Hosting Recep Tayyip Erdoğan and Hassan Rouhani in the Russian Black Sea resort of Sochi, Putin said the meeting will bring together Assad regime and opposition figures:

The congress will look at the key questions on Syria’s national agenda. First of all, that is the drawing-up of a framework for the future structure of the state, the adoption of a new constitution, and, on the basis of that, the holding of elections under United Nations supervision.

Russia is hoping the congress will take place in Sochi ahead of the next round of UN-sponsored talks in Geneva on November 28 — but no details of the date or invitations were released.
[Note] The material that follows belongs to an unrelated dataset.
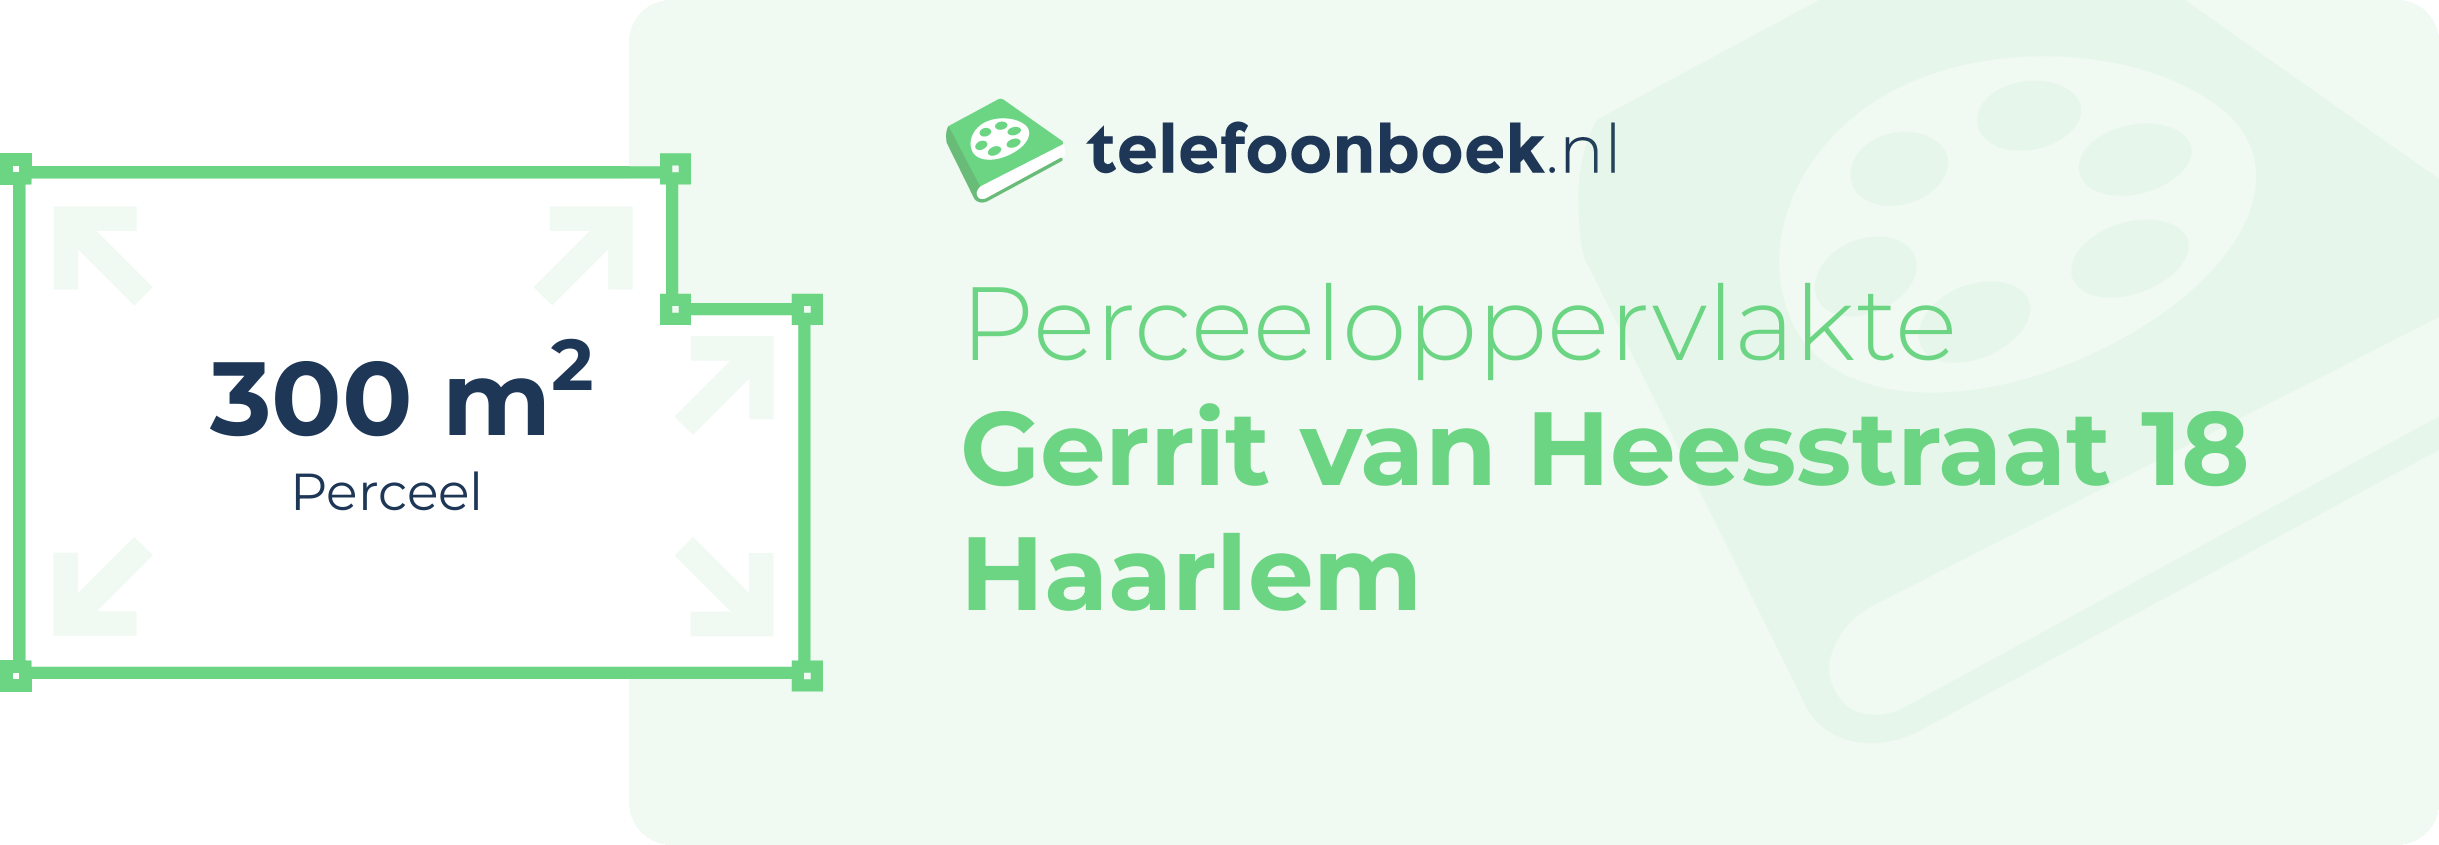 Perceeloppervlakte Gerrit Van Heesstraat 18 Haarlem

Leaders of the main Syrian opposition, the Syrian National Coalition and the High Negotiations Committee, refused to attend talks in Saudi Arabia on Wednesday seeking to “unify” groups. The head of the HNC, Riad Hijab, and other members resigned, saying that the meeting was accepting Bashar al-Assad’s stay in power. They also pointed to the featuring of the “Moscow group”, a smaller faction favored by Russia and — in the eyes of the SNC and HNC — with ties to the regime, in the gathering.

See Syria Daily, Nov 21: Head of Main Opposition Committee Resigns

The three leaders in Sochi also did not mention if Kurdish groups, notably the Syrian Kurdish Democratic Union Party (PYD), would be invited to the Congress. Russia initially said that it was seeking participation of the Kurds, who hold much of northern and eastern Syria, but backed away amid Turkish objections.

Ankara considers the PYD to be part of the Turkish Kurdish insurgency PKK.

In their joint statement, Putin, Erdoğan, and Rouhani said all sides should release prisoners and hostages, hand over bodies, and create the conditions for a lasting truce.

Without addressing the ongoing sieges and attacks by the Assad regime on opposition territory, they urged the international community to provide humanitarian aid, clear Syrian territory of mines, and restore damaging infrastructure.

The three leaders did not refer to their tensions over “de-escalation zones” promoted by Russia throughout Syria. While Iran has formally joined declarations of the zones, they have also publicly endorsed the reclamation of territory from both Kurds and the opposition by the Assad regime, including areas east of the Euphrates River — recently gained by the Kurdish-led Syrian Democratic Forces from the Islamic State — and opposition-held Idlib Province in northwest Syria.

Putin did indicate that Russia will not give unreserved backing to the Assad regime, saying, “Compromises and concessions will be needed on all sides…including (from) the Syrian government.”

Erdoğan echoed, “It is critical for all parties to contribute to a permanent and acceptable political solution for the people of Syria.”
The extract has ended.